Some years ago when Sophie, my youngest, was about seven or eight, we were walking down the road at about this time of year and she noticed all of the adverts in the shop windows saying “Don’t forget mother’s day.” “Huh!” she said, “You don’t catch them having a child’s day!” I tried pointing out to her that this was because every day of a mother’s year revolved around children and their needs, but I don’t think she was convinced. She may feel slightly different now that she is a mother herself…
Nevertheless, it is perhaps the memory of this conversation that made me take 1 Timothy 4:12 to our Zoom Sunday School the Sunday before last: “Don’t let anyone look down on you because you are young, but set an example for the believers in speech, in conduct, in love, in faith, and in purity.”
We talked about the things that mattered to the young people in church and then wrote a prayer of thanksgiving. Here are the things that our young people wanted to give thanks for: for food and water, for all the living life on earth, for family, for clothes, for everybody being different.
Of course, the proper noun for “everybody being different” is diversity, and members of the Local Preachers and Worship Leaders Fellowship meeting had a great training session led by Revd Anne Ellis, in which she introduced the Equality, Diversity and Inclusion tool kit to us, helping us to think about some of our subconscious prejudices.
This theme of diversity has come up yet again in the wake of the interview given by the Duke and Duchess of Sussex in America. Irrespective of where we stand on this particularly public family breakdown, we can perhaps all recognise the genuine pain felt by all concerned. We can do nothing to heal that particular situation but must do something to heal the hurt of racism, the conscious and the unconscious, in our society. Perhaps the first step is to join our young people in giving thanks for everybody being different.

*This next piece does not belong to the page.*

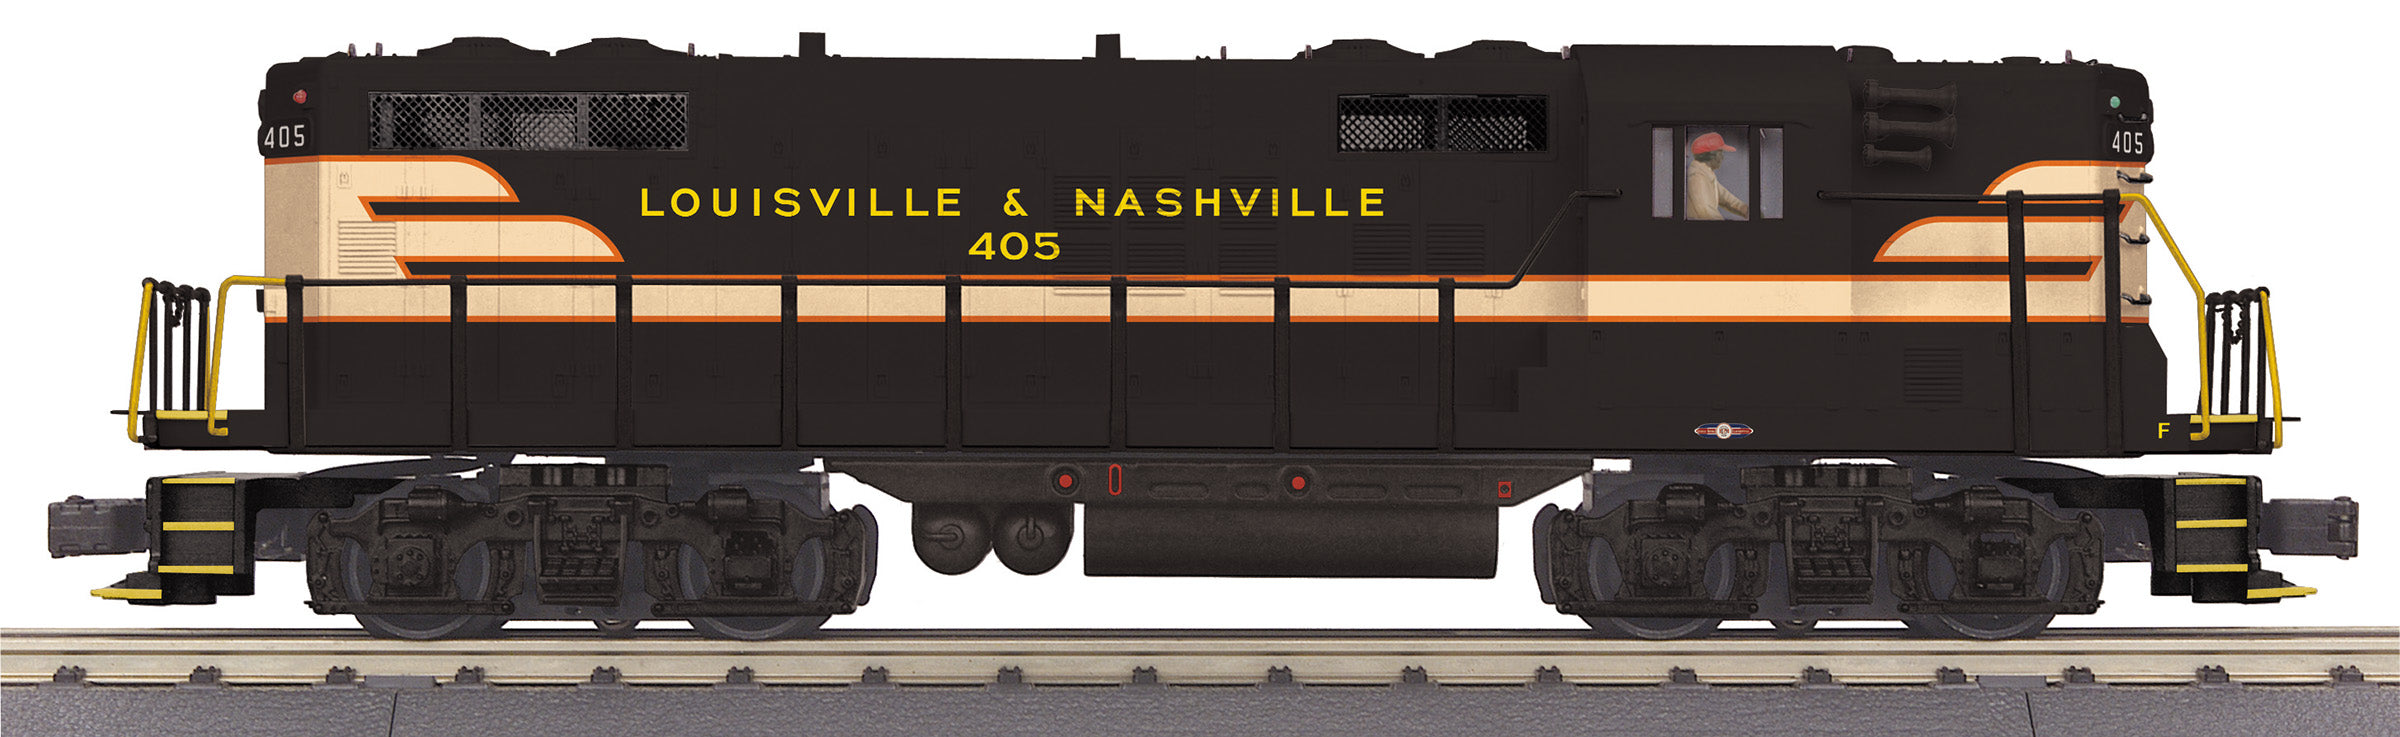 MTH 20-21743-1 - GP-7 Diesel Engine "Louisville & Nashville" #405 w/ PS3 - Custom Run for MrMuffin'sTrains

Paul does this in an extraordinarily simple and yet important way in 1 Corinthians 12:12-30 when he reminds the church at Corinth that “The body does not consist of one member, but of many” and goes on to speak of each part having an important job to do: “If the ear should say, ‘Because I am not an eye, I do not belong to the body’ that would not make it any less a part of the body.”
We can seek fairness by trying to give everyone the same or we can seek it by allowing everyone to flourish in their own glorious uniqueness. Brothers and sisters, let’s give each other the space and the time to say “This is what I like and this is how I like to do things,” and even if it’s not what we like, to say, “Let’s try that – let’s see what there is about it that speaks to us,” and in so-doing we will learn about each other. Let’s join our Sunday School in saying thank you to God for everybody being different.